◆ **EXERCISE GOAL**:
Images don't belong in the copy. Output the rest of the data exactly.

◆ **SOURCE DATA**:
################

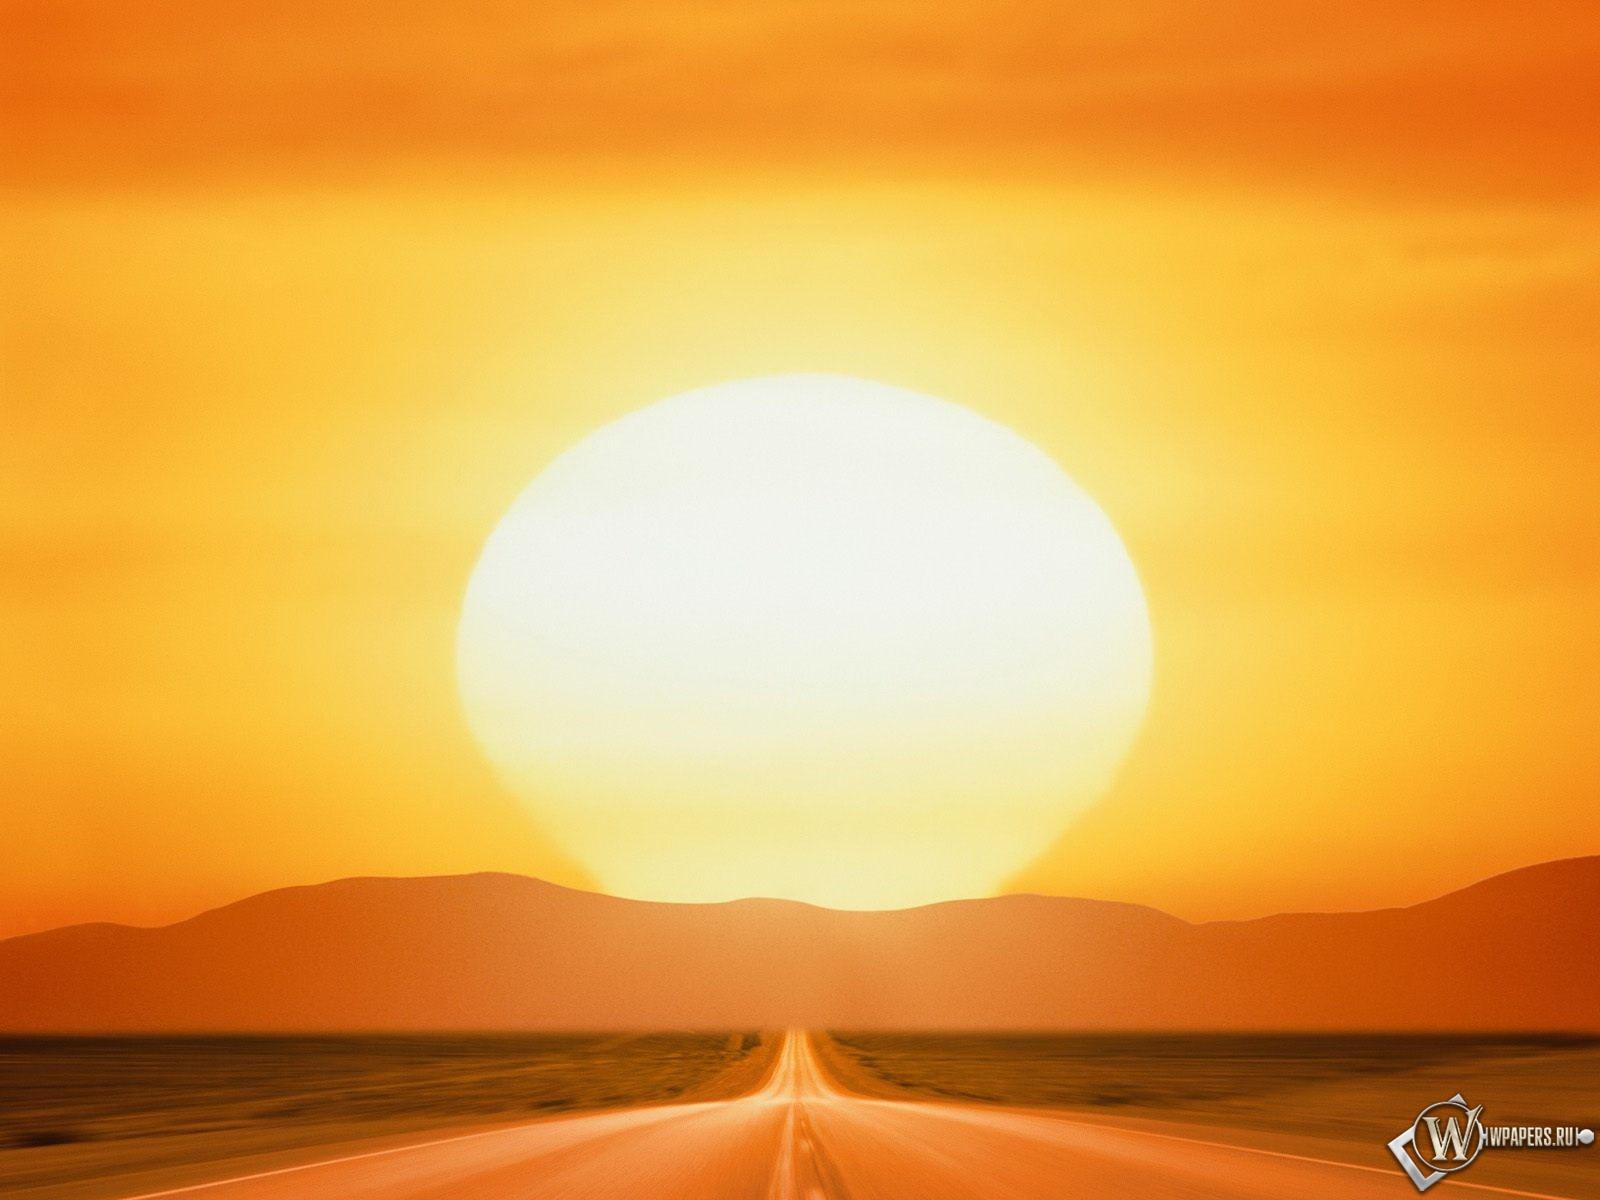 Дорога к солнцу 1600x1200
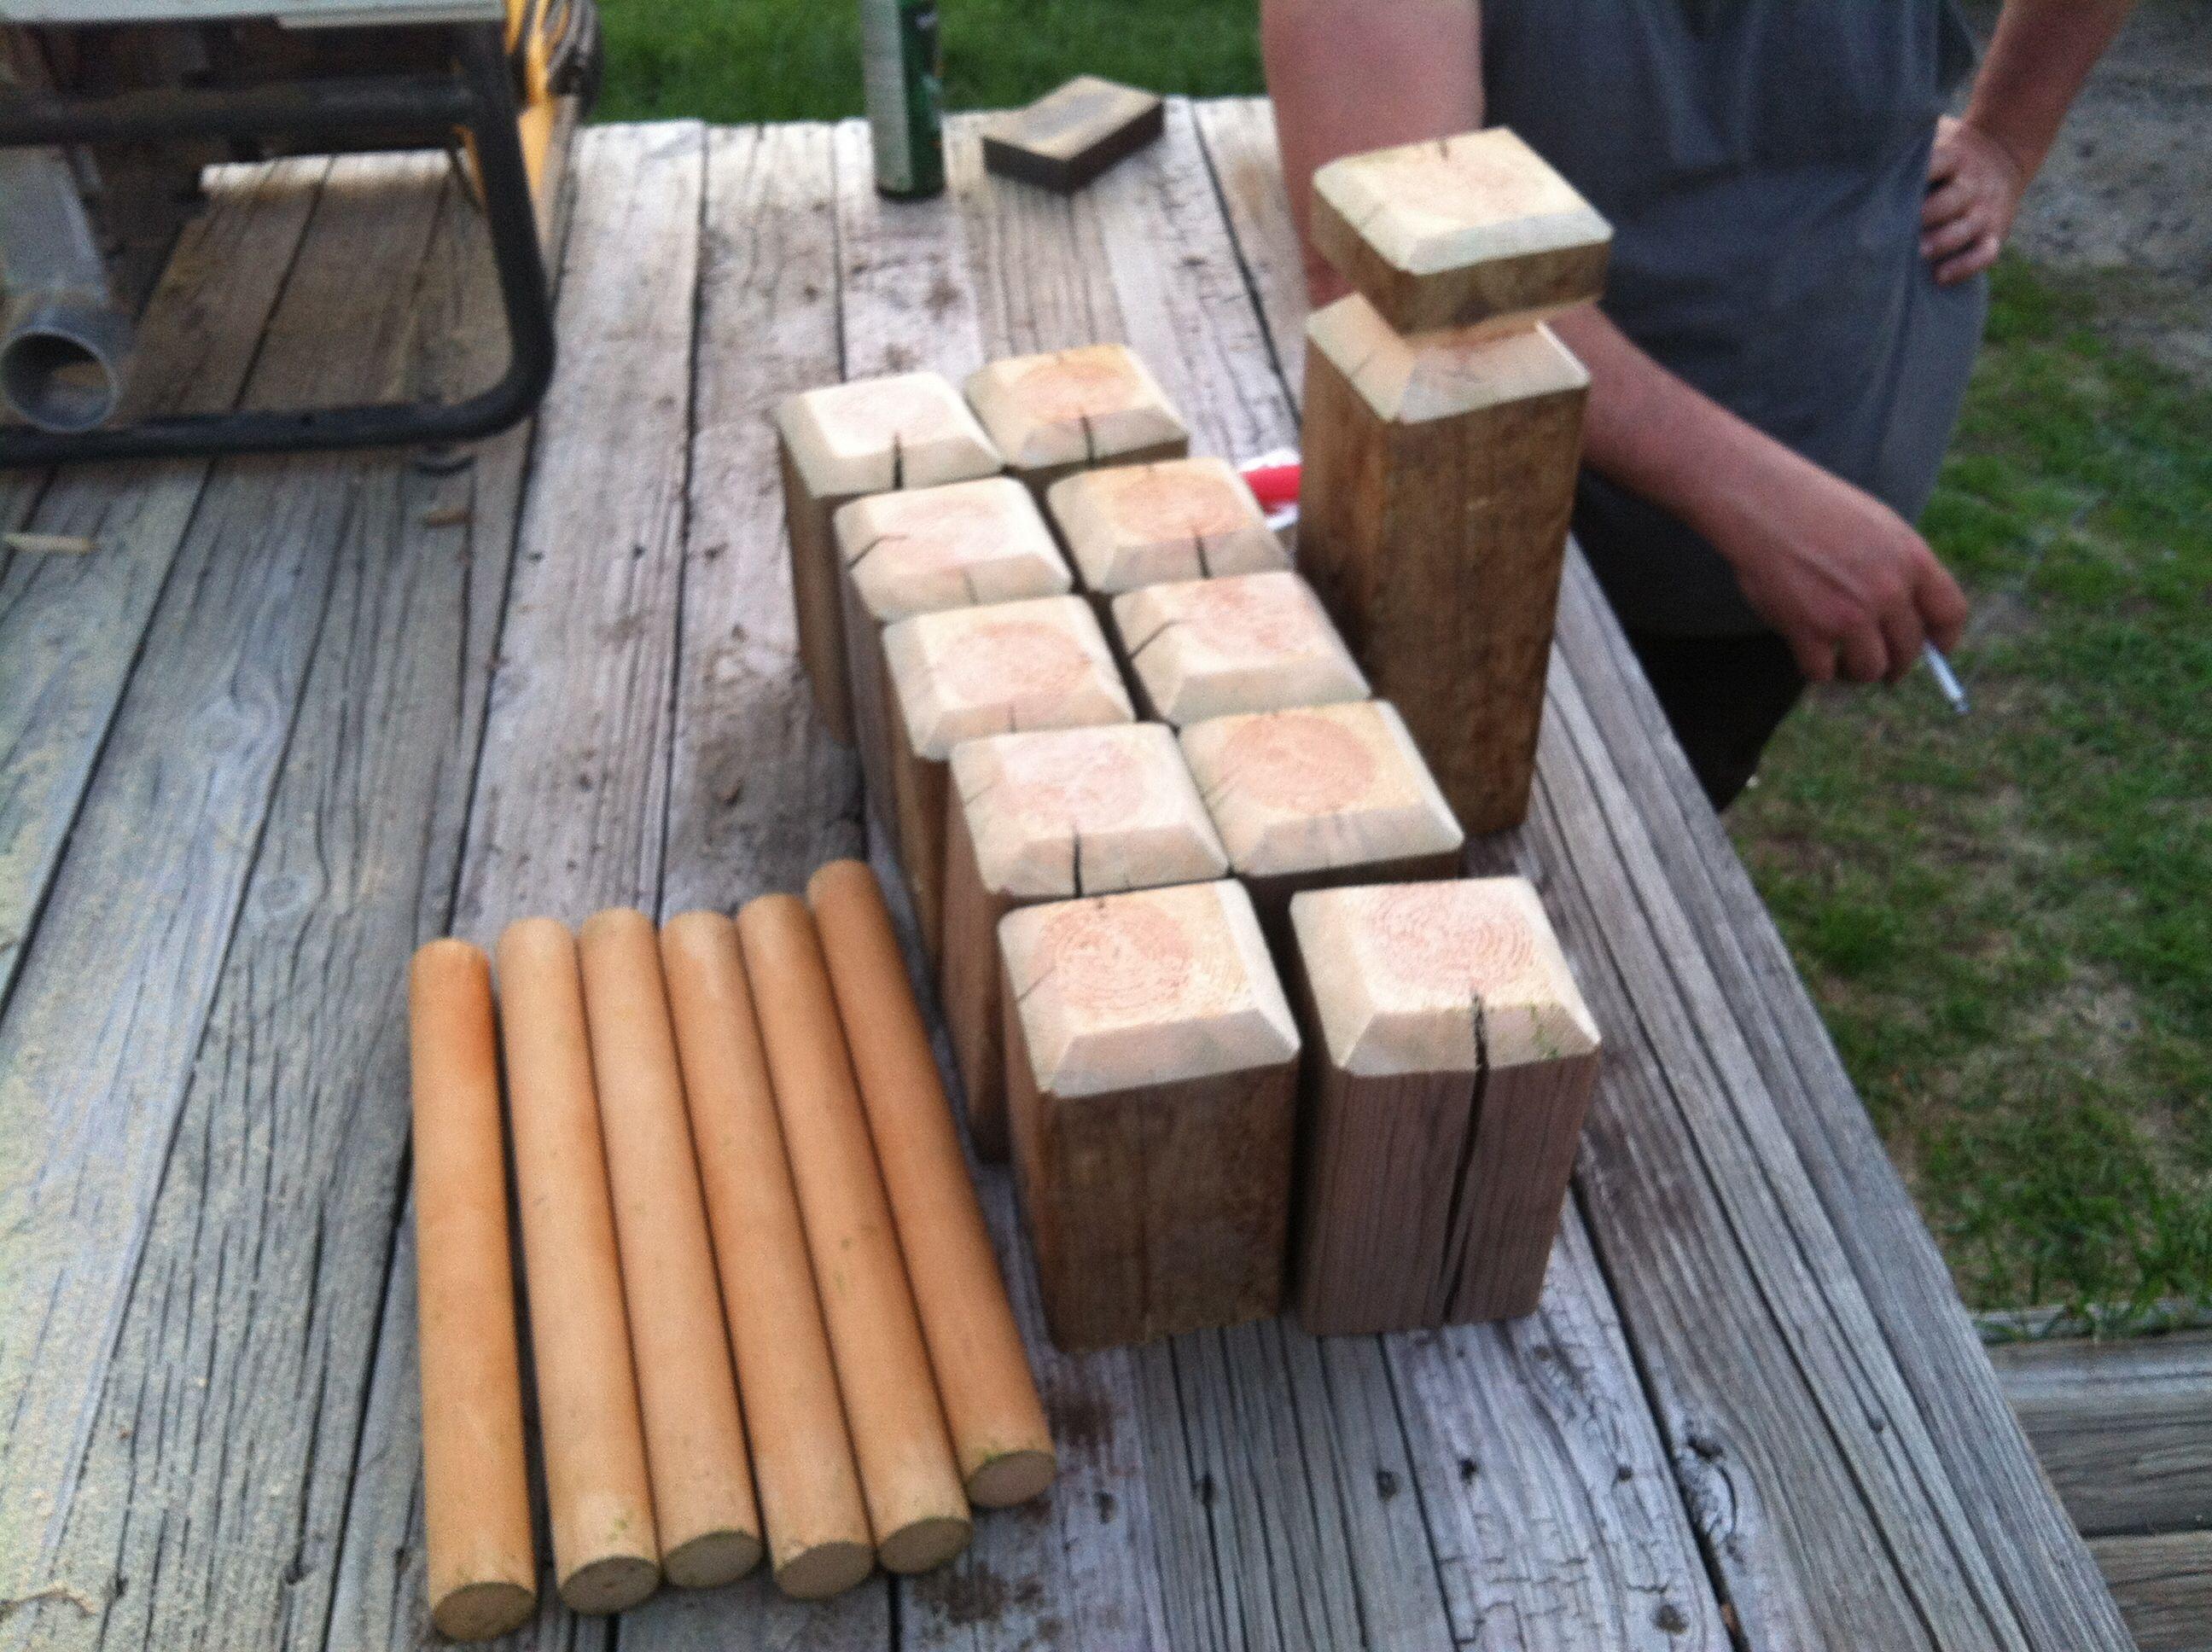 4x4 Wood Crafts Diy Kubbviking Chess Set 1 6ft 4x4 1 6ft Dowel Rod 2 Diameter
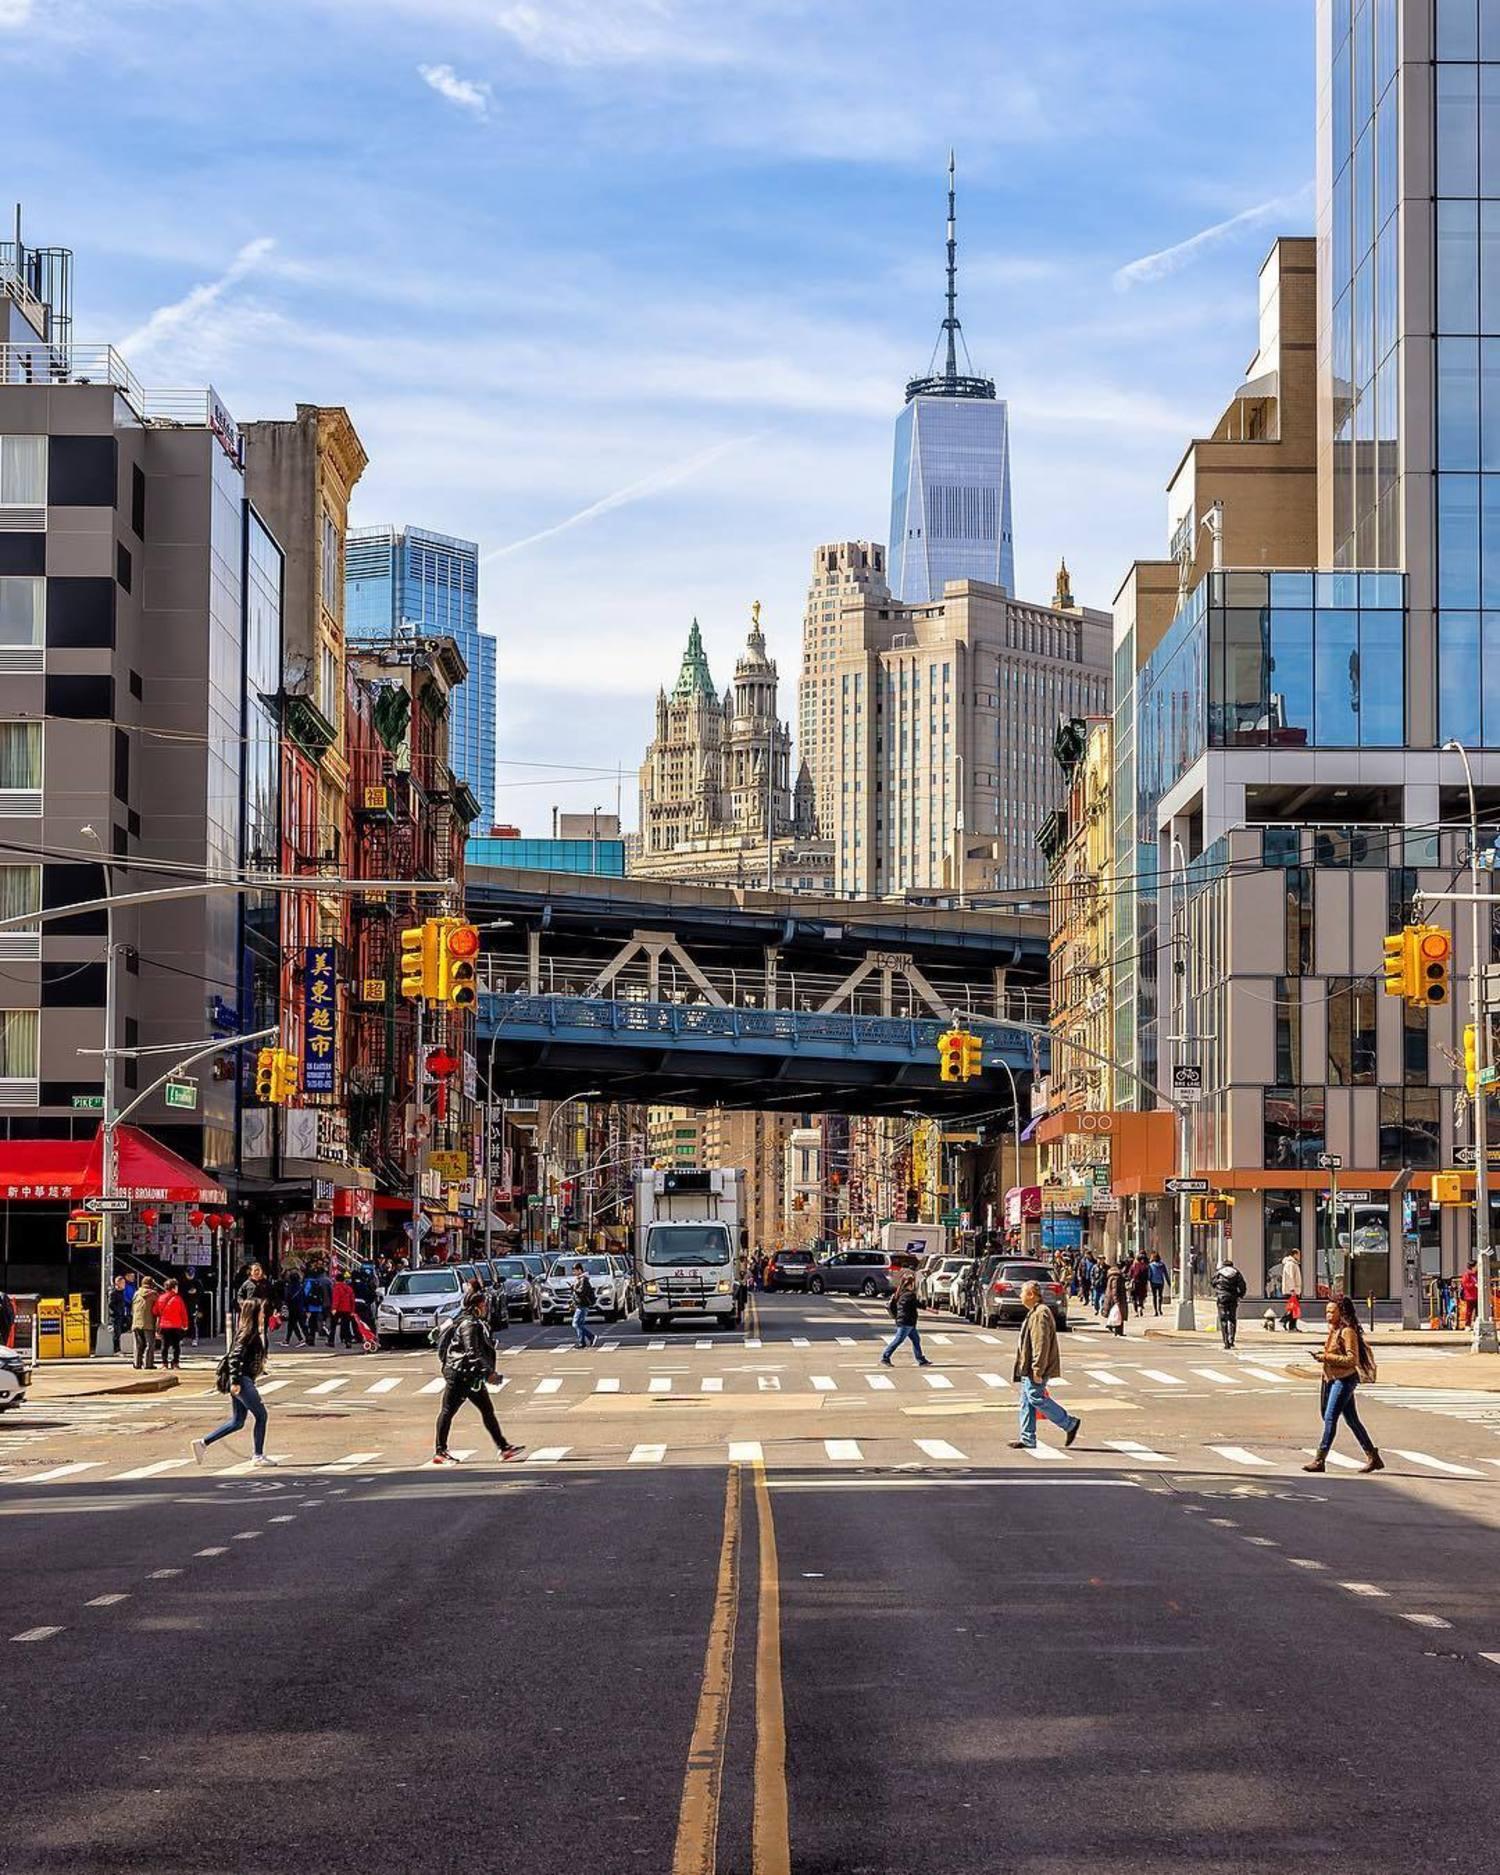 Henry Street, Chinatown, Manhattan

################

◆ **SOLUTION**:
 Дорога к солнцу 1600x1200
 4x4 Wood Crafts Diy Kubbviking Chess Set 1 6ft 4x4 1 6ft Dowel Rod 2 Diameter
 Henry Street, Chinatown, Manhattan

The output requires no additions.